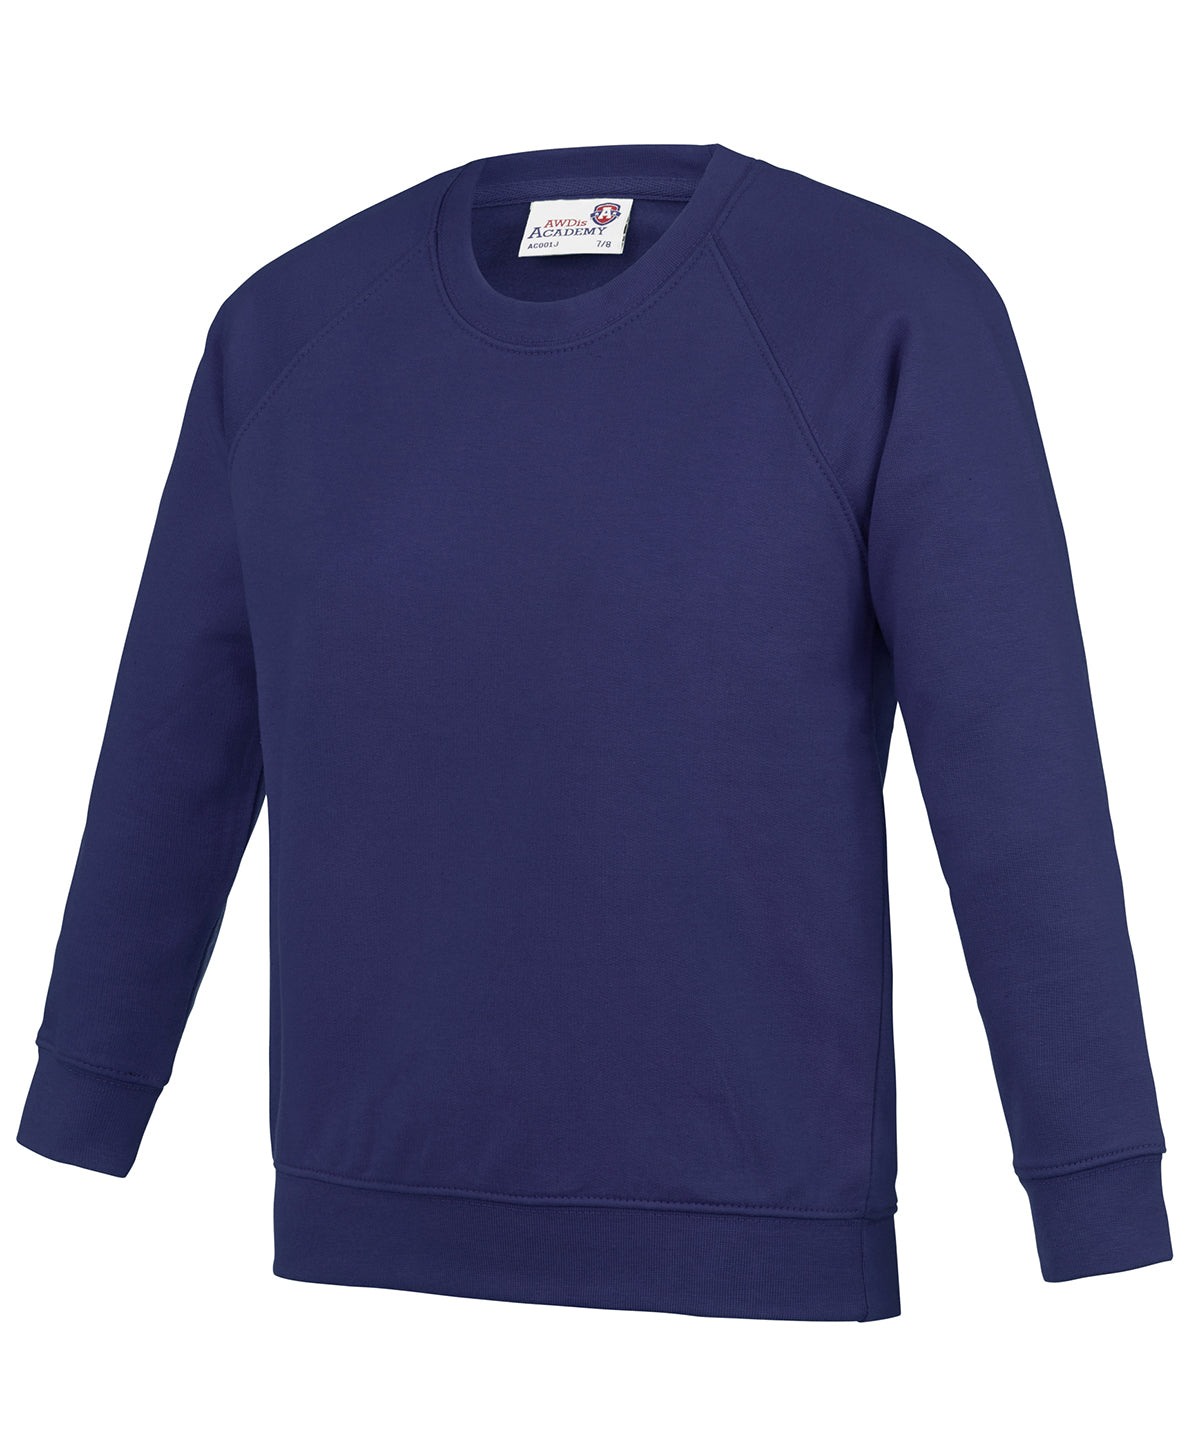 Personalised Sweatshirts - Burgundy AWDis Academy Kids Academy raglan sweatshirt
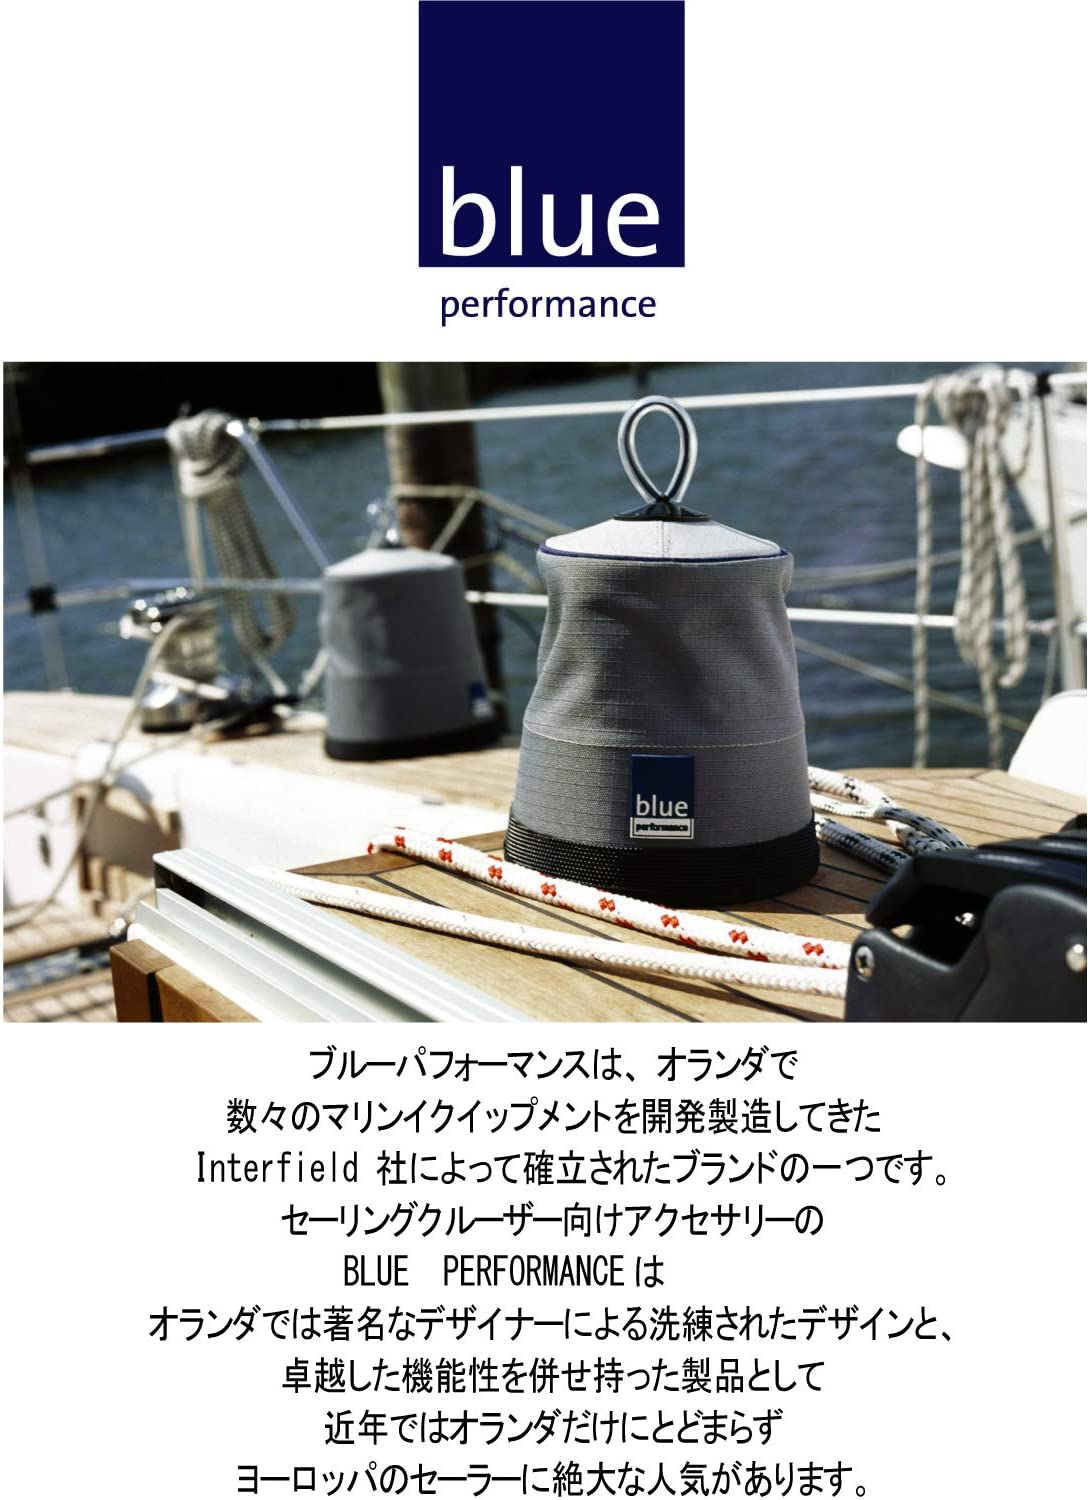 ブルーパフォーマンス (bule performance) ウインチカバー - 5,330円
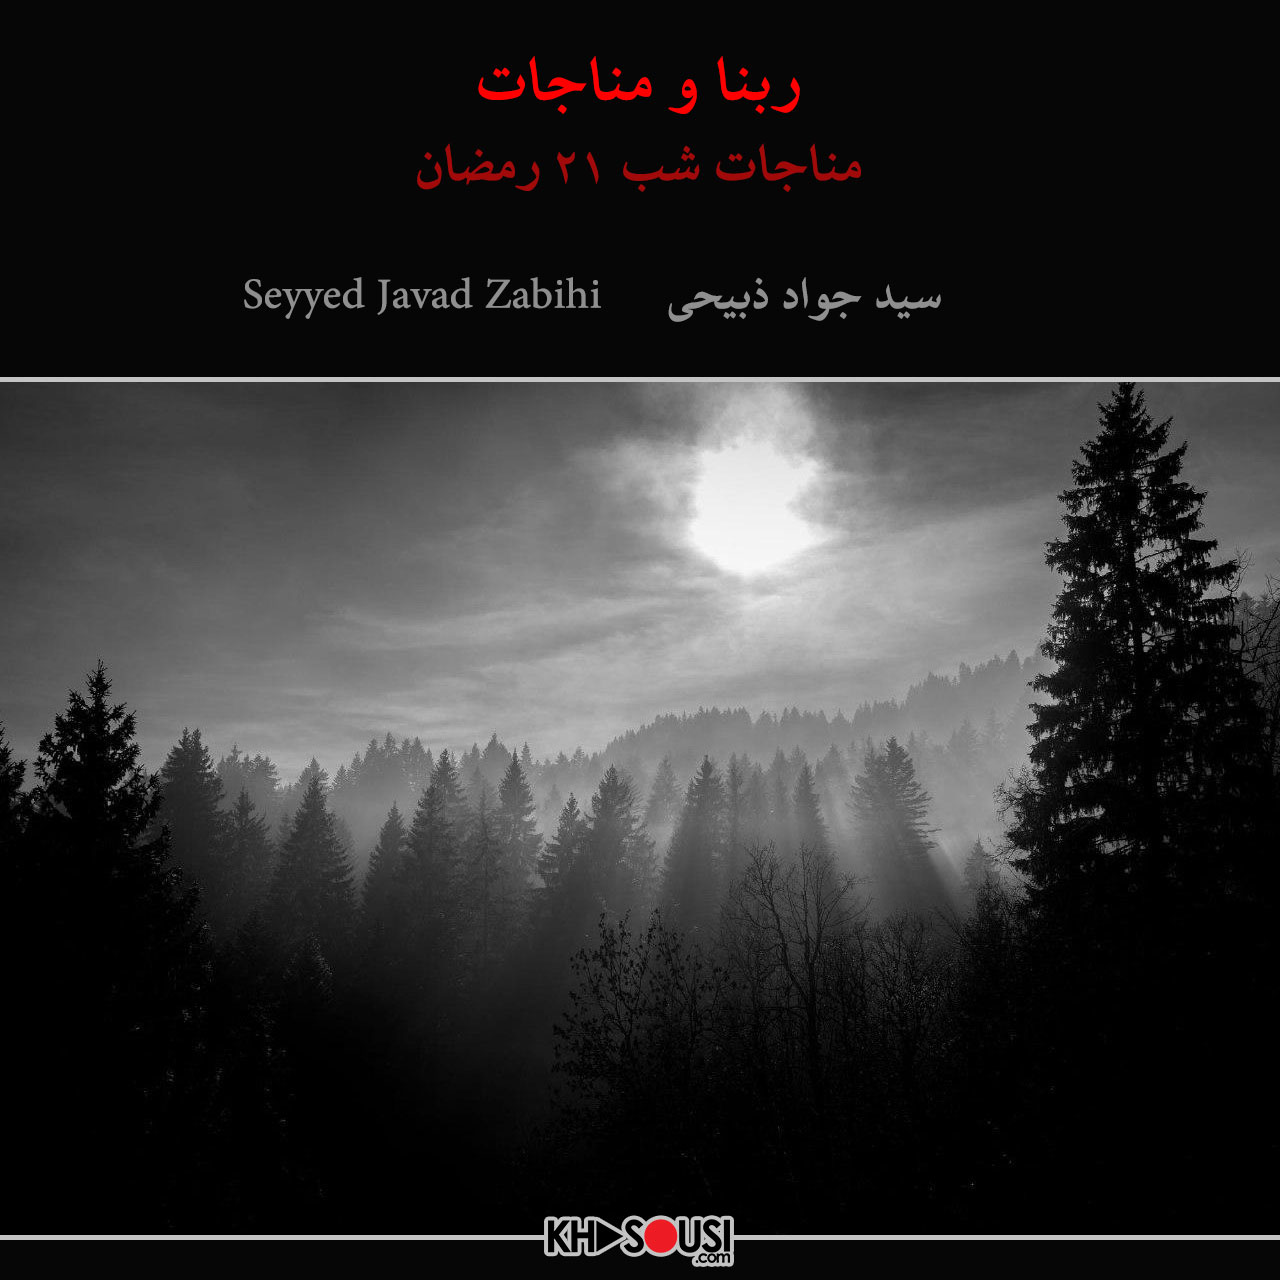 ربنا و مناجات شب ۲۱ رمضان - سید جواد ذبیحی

+++++

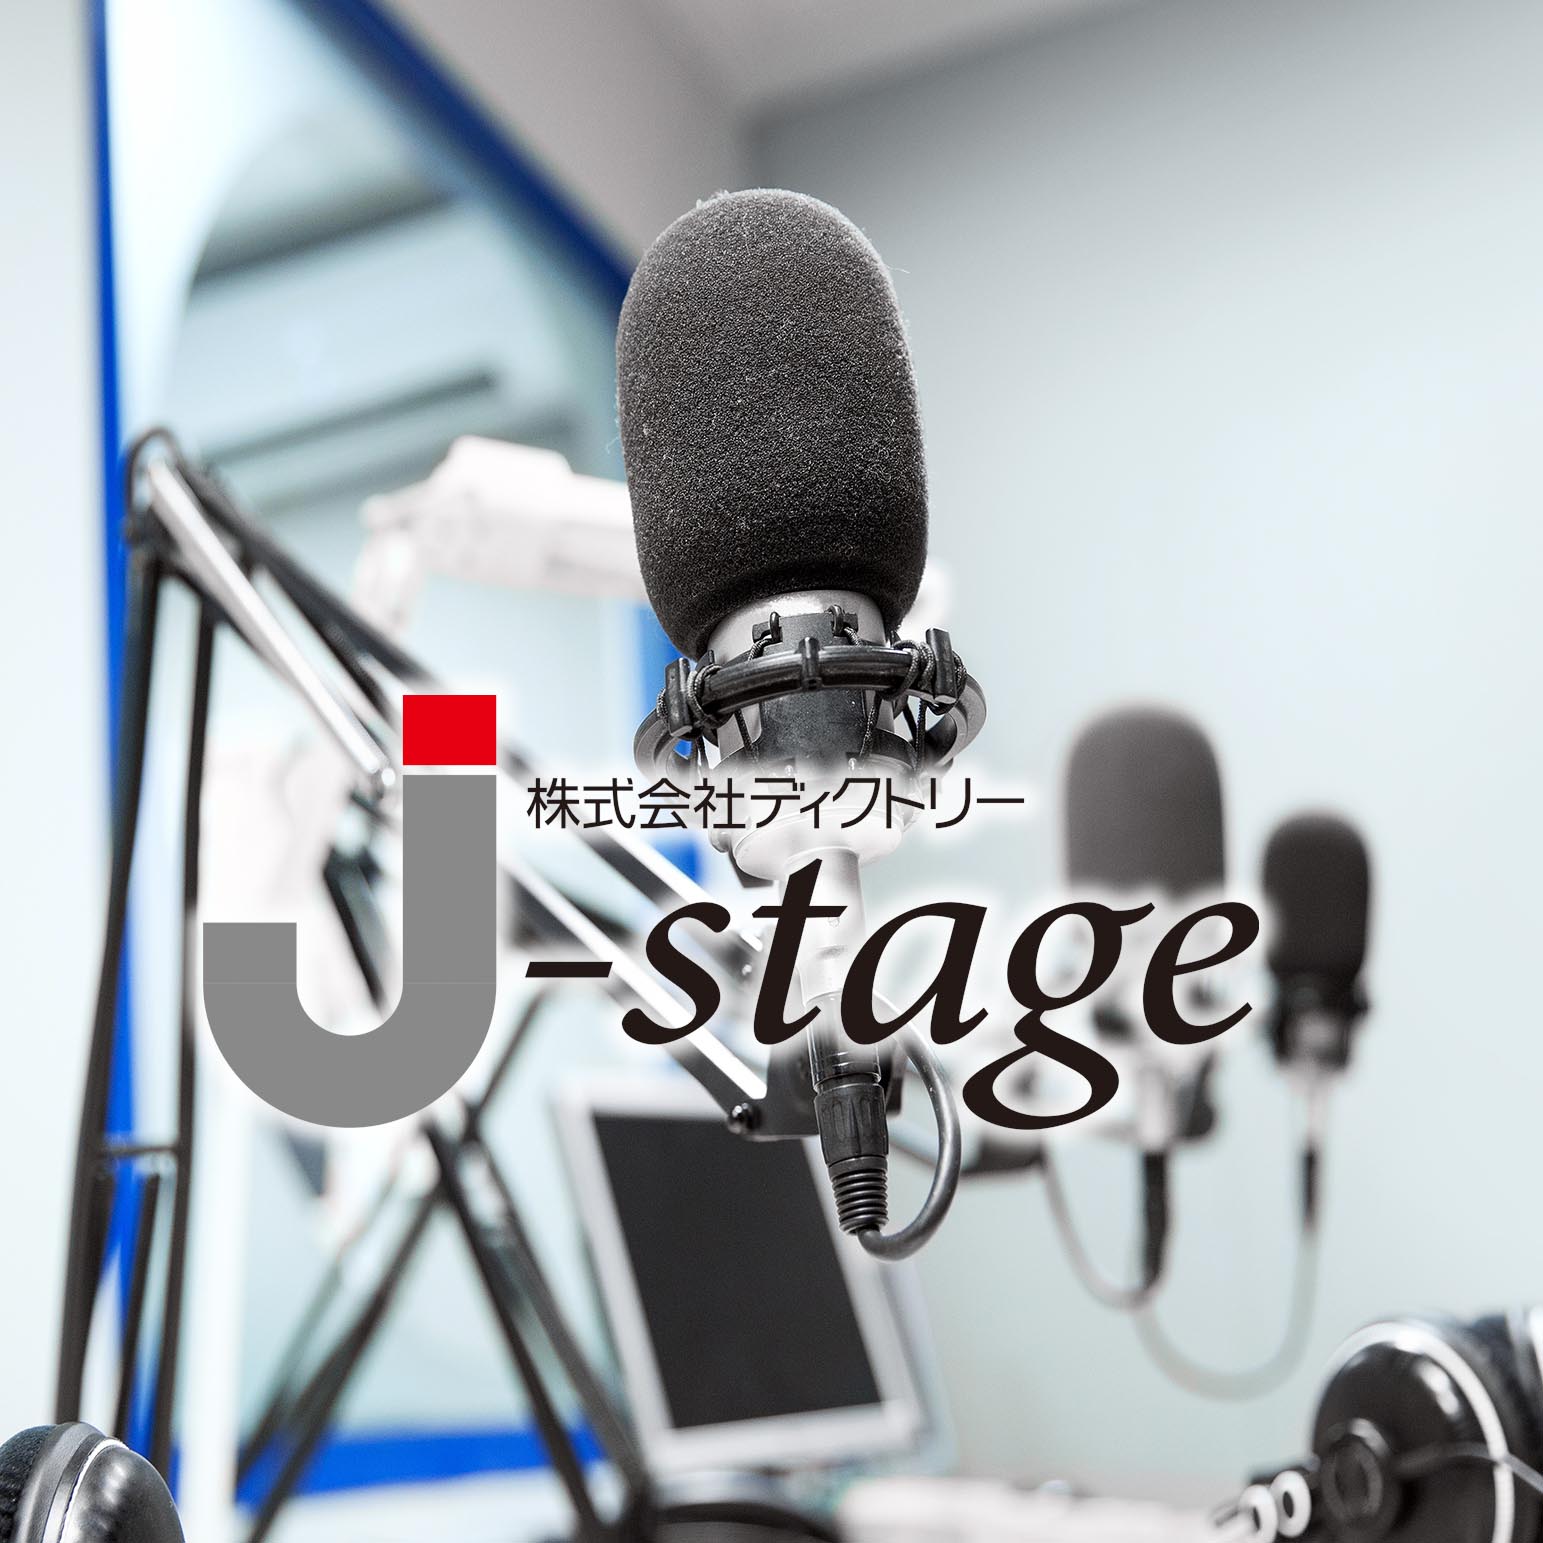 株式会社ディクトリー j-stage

+++++

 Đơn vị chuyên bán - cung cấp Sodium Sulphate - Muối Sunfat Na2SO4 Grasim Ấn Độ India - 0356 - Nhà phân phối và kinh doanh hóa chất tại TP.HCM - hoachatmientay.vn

+++++

**TASK TO CARRY OUT:** Among the entries above, copy exactly the stretch from the line holding "ブルーパフォーマンス (bule performance)" through the line holding "ربنا و مناجات شب ۲۱ رمضان - سید جواد ذبیحی", leaving out any pictures.

**ANSWER TO THIS EXERCISE:**
 ブルーパフォーマンス (bule performance) ウインチカバー - 5,330円
 ربنا و مناجات شب ۲۱ رمضان - سید جواد ذبیحی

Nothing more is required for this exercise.